Study Says Male Chromosome Sticking Around - Yahoo! News
NEW YORK - The human Y chromosome — the DNA chunk that makes a man a man — has lost so many genes over evolutionary time that some scientists have suspected it might disappear in 10 million years. But a new study says it'll stick around.
Researchers found no sign of gene loss over the past 6 million years, suggesting the chromosome is "doing a pretty good job of maintaining itself," said researcher David Page of the Whitehead Institute for Biomedical Research in Cambridge, Mass.
That agrees with prior mathematical calculations that suggested the rate of gene loss would slow as the chromosome evolved, Page and study co-authors note in Thursday's issue of the journal Nature.
Researchers compared the human and chimpanzee versions of this region. Humans and chimps have been evolving separately for about 6 million years, so scientists reasoned that the comparisons would reveal genes that have become disabled in one species or the other during that time.

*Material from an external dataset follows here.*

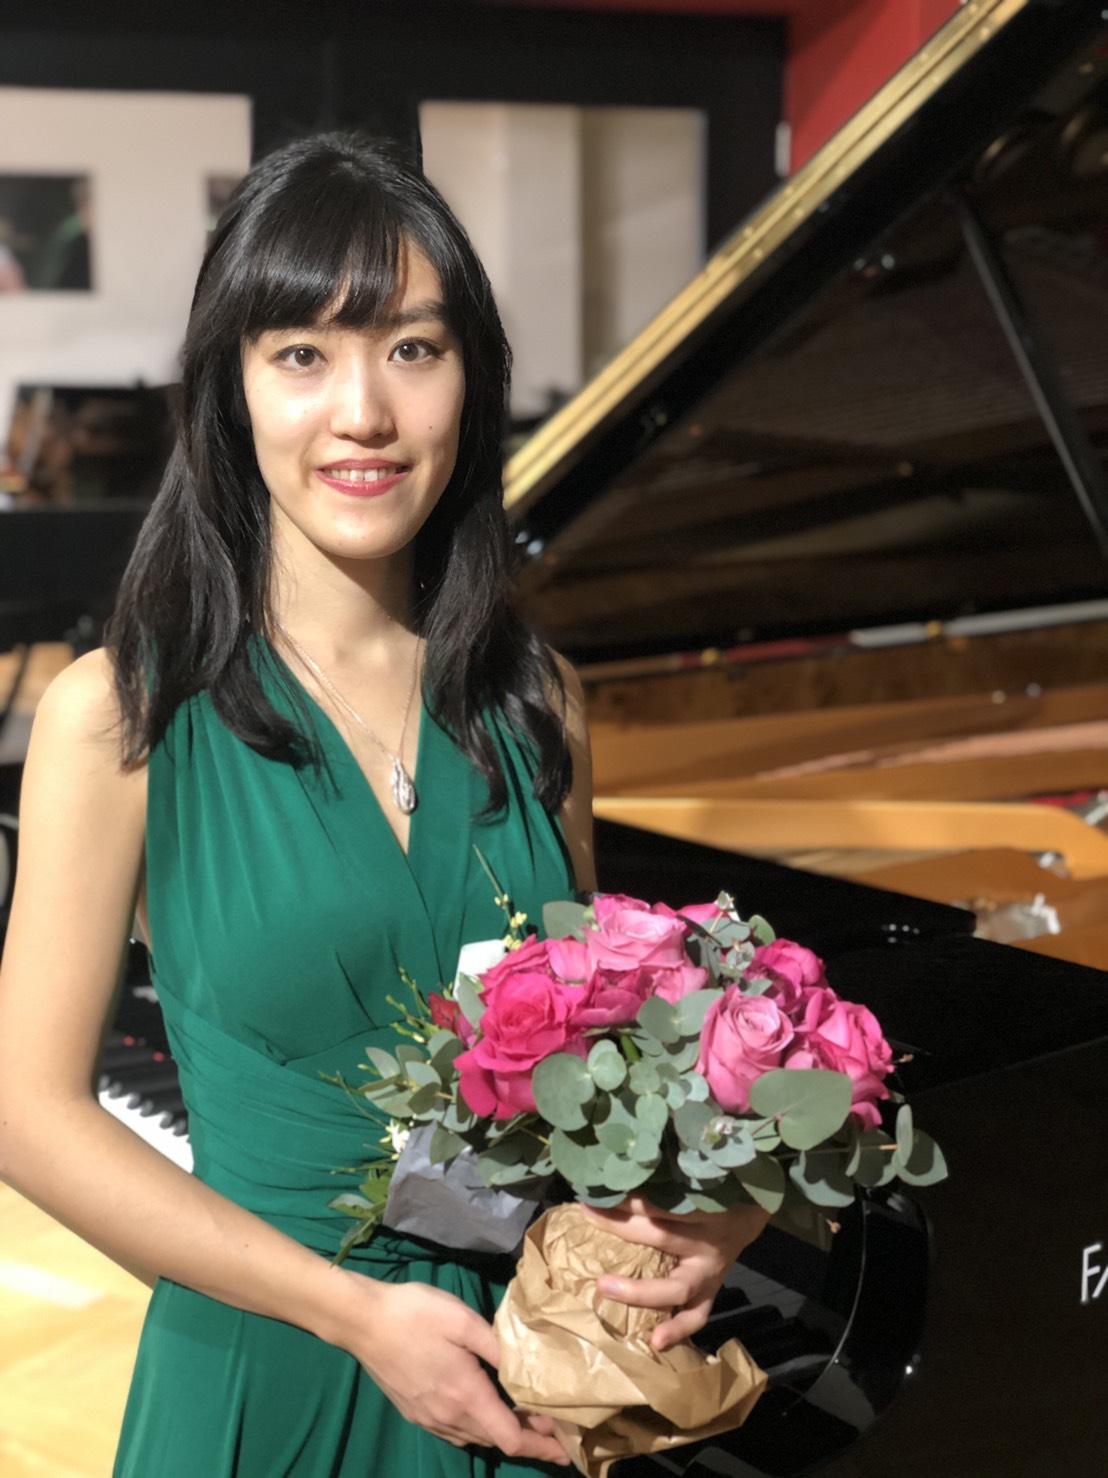 ドイツ・ミュンヘンのピアノ・フィッシャーでのピアノリサイタルにお越し下さった皆様、ありがとうございました!(Piano-Fischer München, 2019年1月)
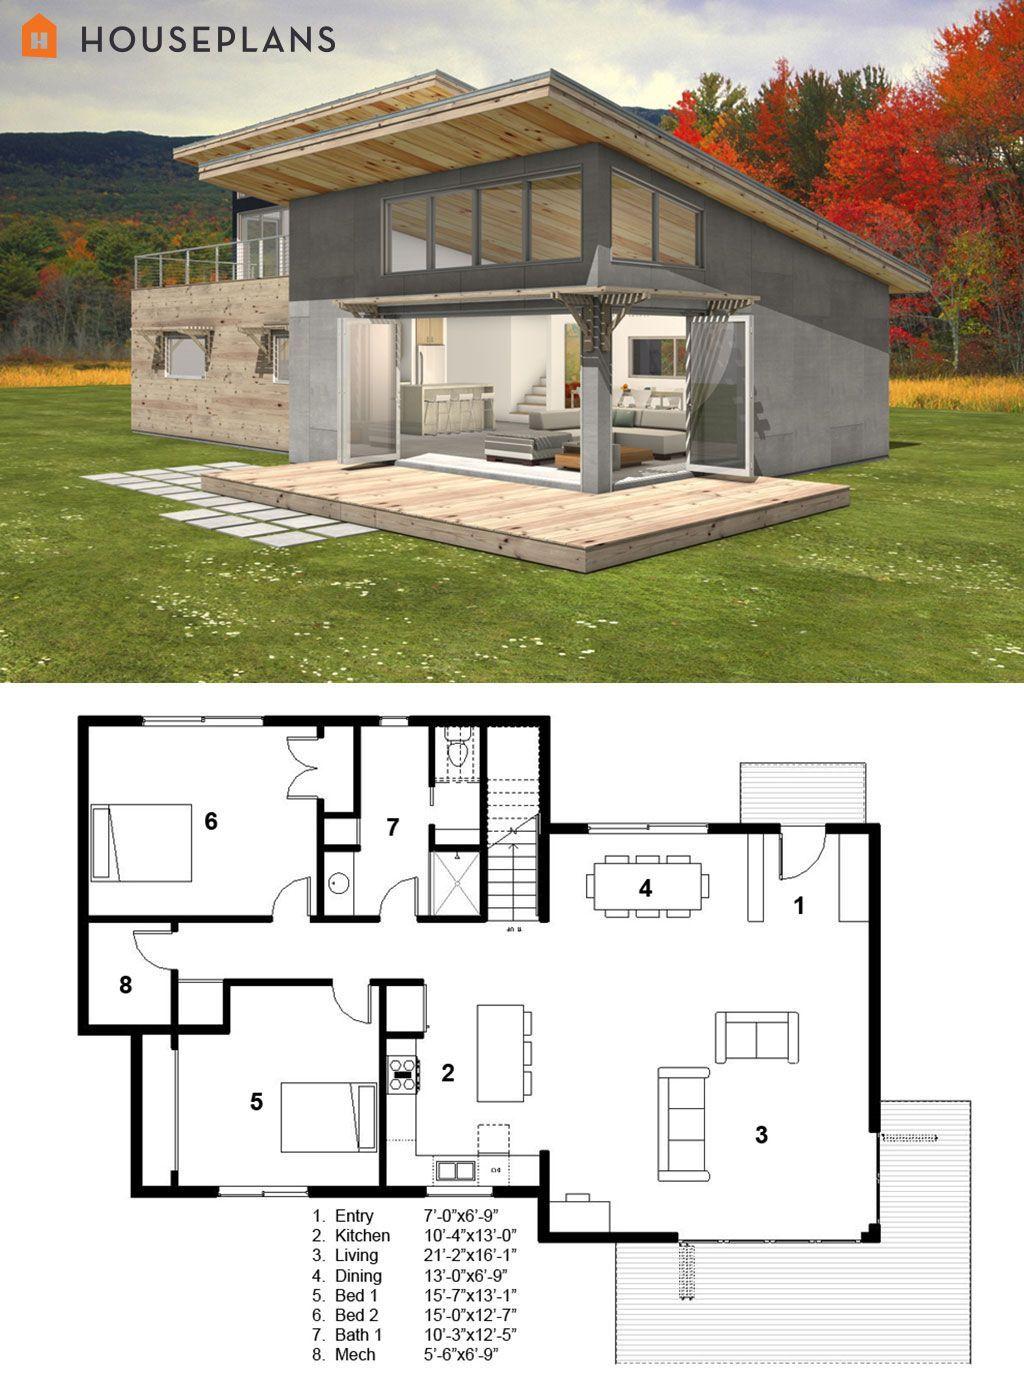 House Plans Energy Efficient 2020 Arsitektur Desain Arsitektur Rumah Indah

They found five such genes on the chimp chromosome but none on the human chromosome, an imbalance Page called surprising.
"It looks like there has been little if any gene loss in our own species lineage in the last 6 million years," Page said.
Advocates of Intelligent Design, however, dismissed the biologists remarks concerning the evolution of anything, and were particularly disturbed by the mention of chimps.
When asked to provide their own explanation as to the apparent deterioration of genes in the Y chromosome, they submitted the following to various newswire services:
"Thousands of years ago it was dark. An invisible man who lives in the sky wanted light and made it so. Eventually he got lonely and started making people. One day he wanted to make a girl so he took a rib from a man. This could have damaged the male parts."